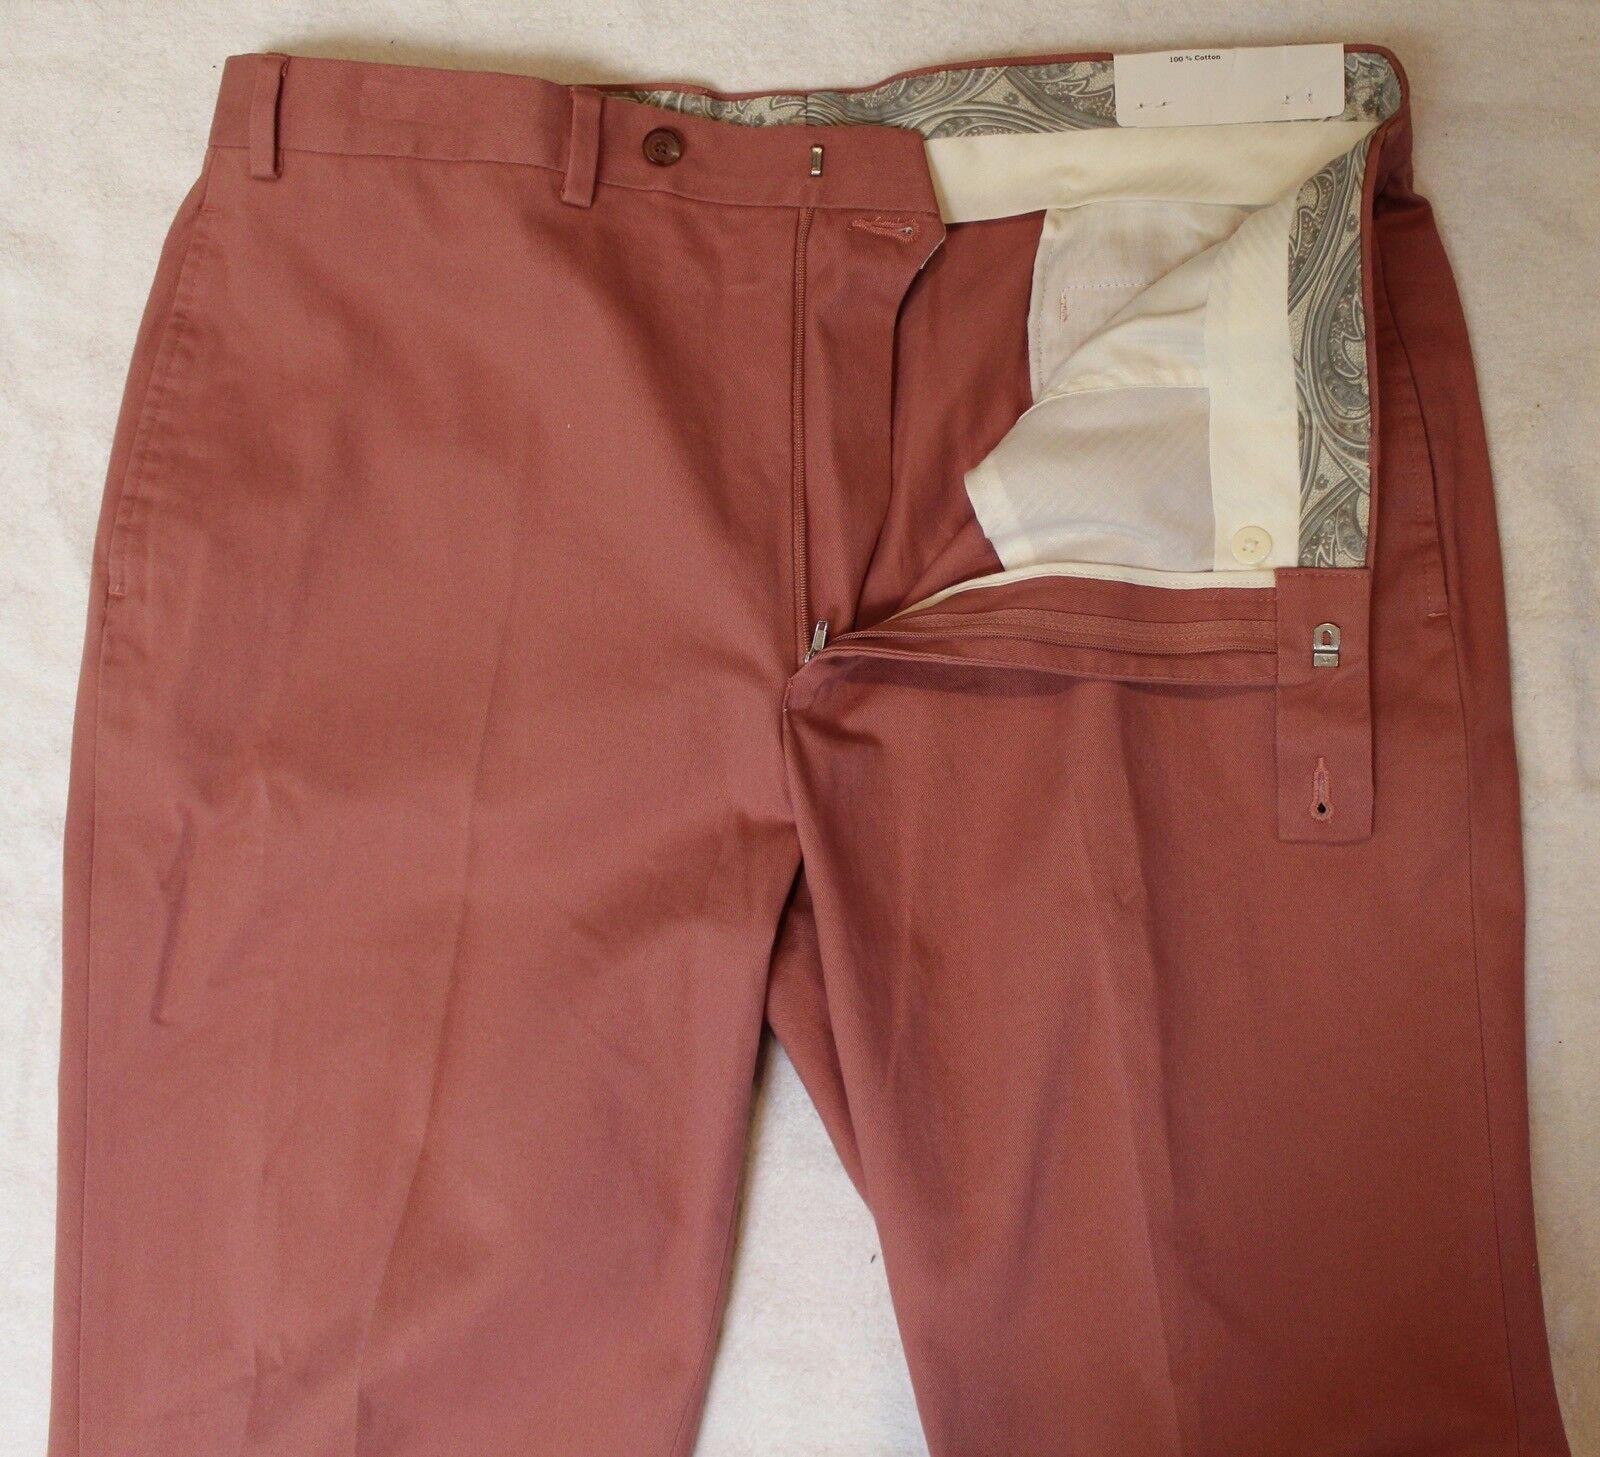 Ralph Lauren Mens Pale Red Flat-Front Cotton Dress Pants NWT  Size 34 x 32
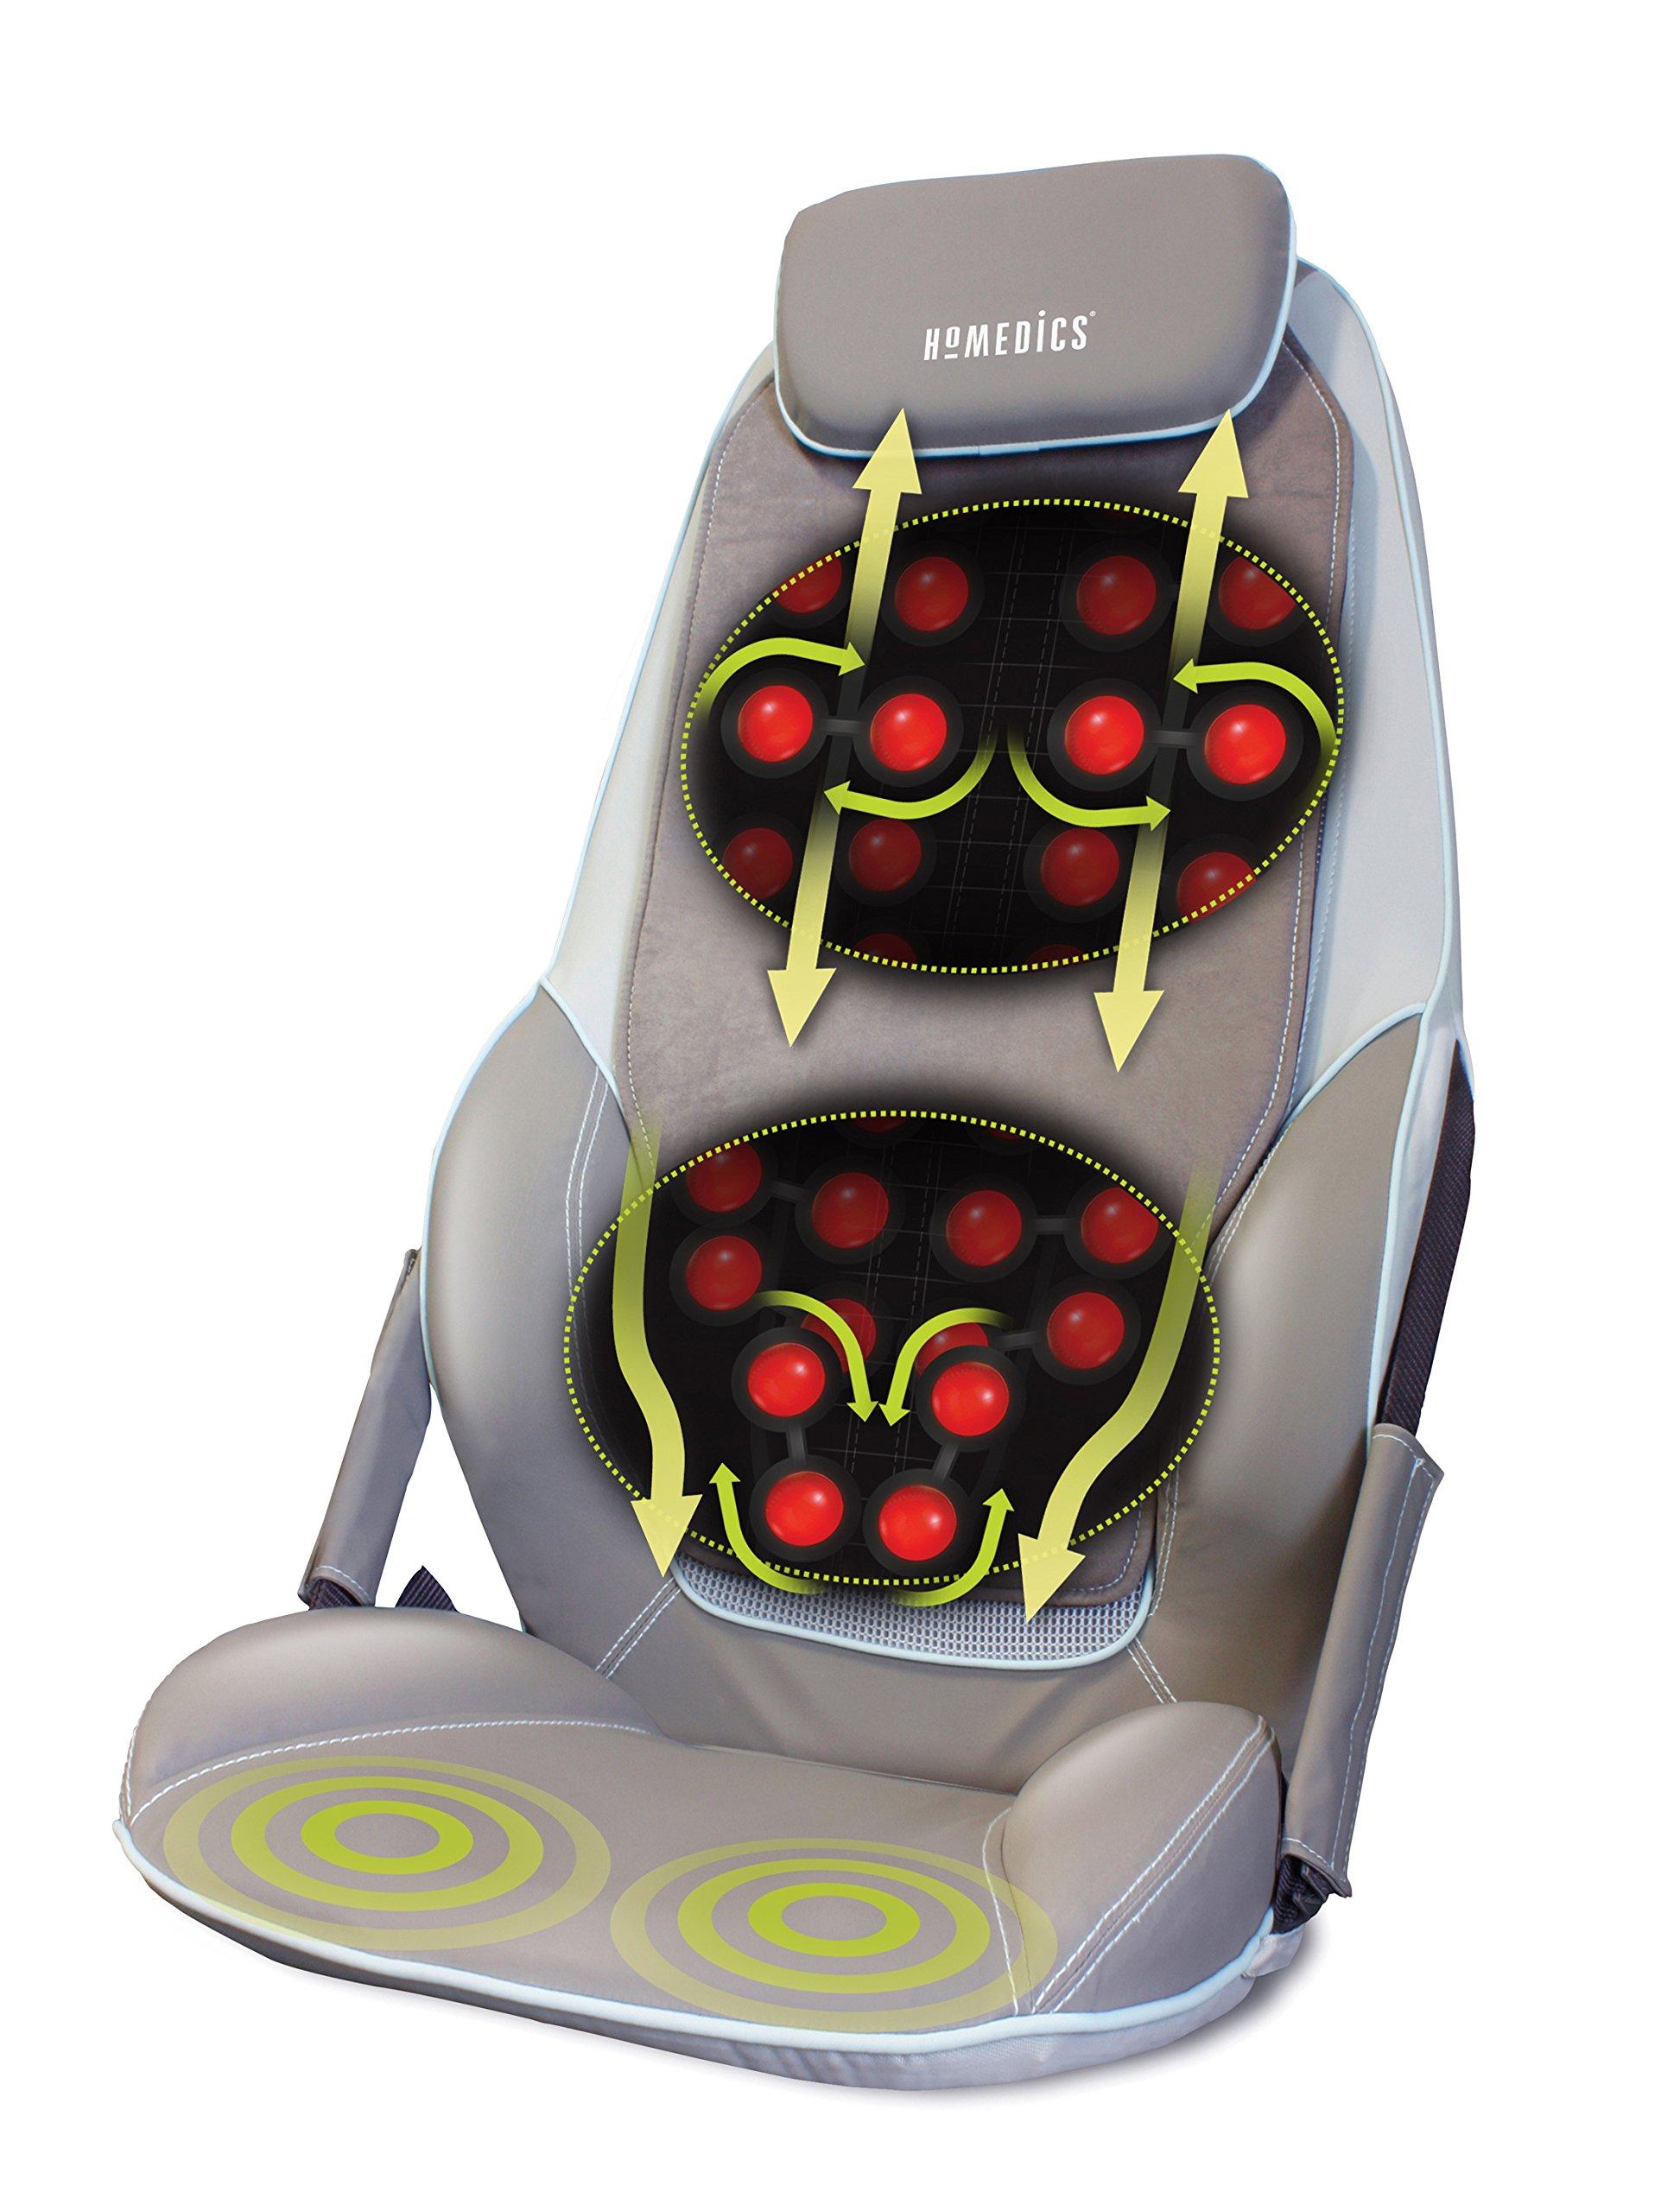 HoMedics Appareil de massage shiatsu pour le dos et les épaules - Fauteuil de massage réglable, tension 3 réglages de zone, Tout, Muscles du haut et du bas du dos, Vibration, Chaleur apaisante - Noir product image
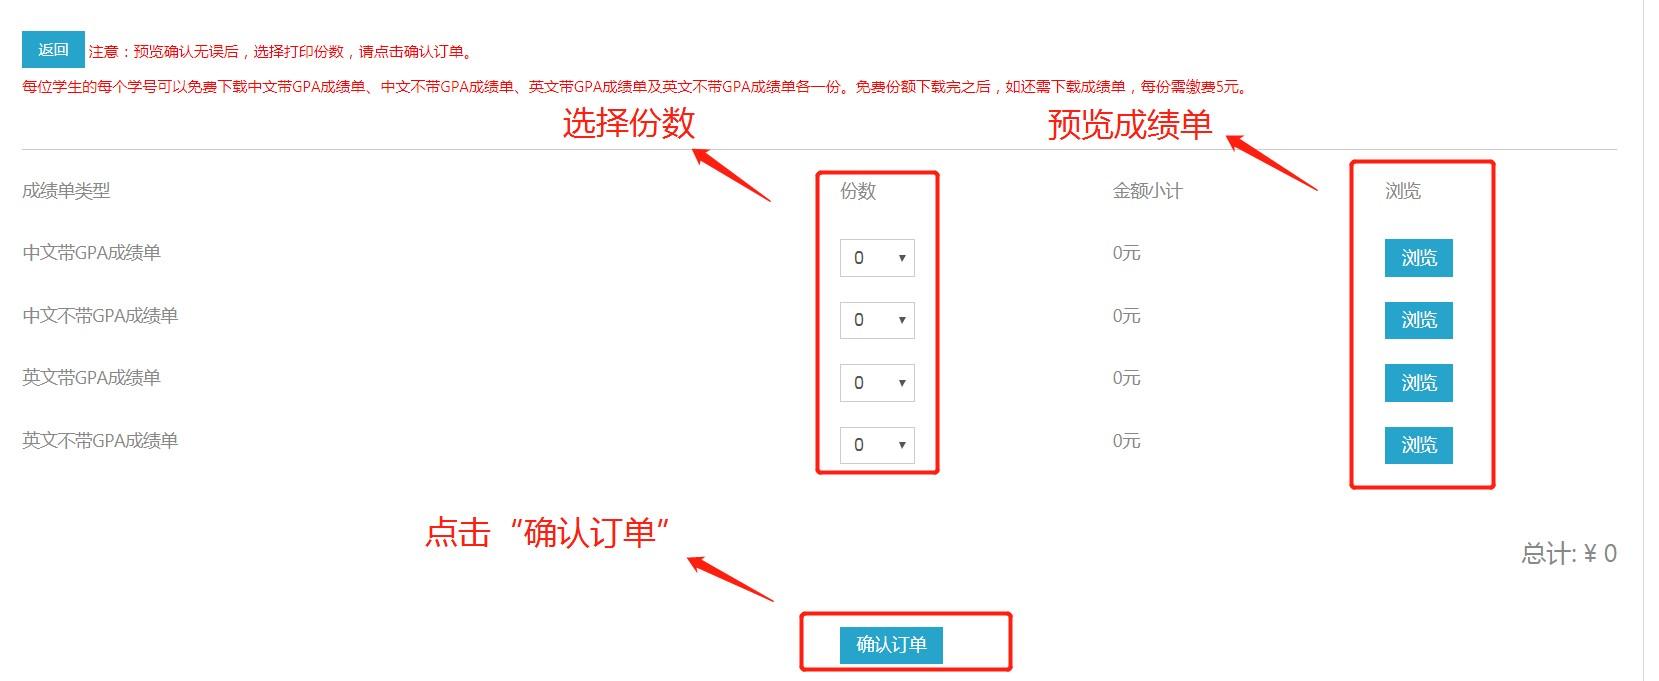 20200430图7 确认订单界面

# PROBLEM TO SOLVE
Transcribe the data word for word, with no images.

# FINAL ANSWER
 Ralph Lauren Mens Pale Red Flat-Front Cotton Dress Pants NWT  Size 34 x 32
 HoMedics Appareil de massage shiatsu pour le dos et les épaules - Fauteuil de massage réglable, tension 3 réglages de zone, Tout, Muscles du haut et du bas du dos, Vibration, Chaleur apaisante - Noir product image
 20200430图7 确认订单界面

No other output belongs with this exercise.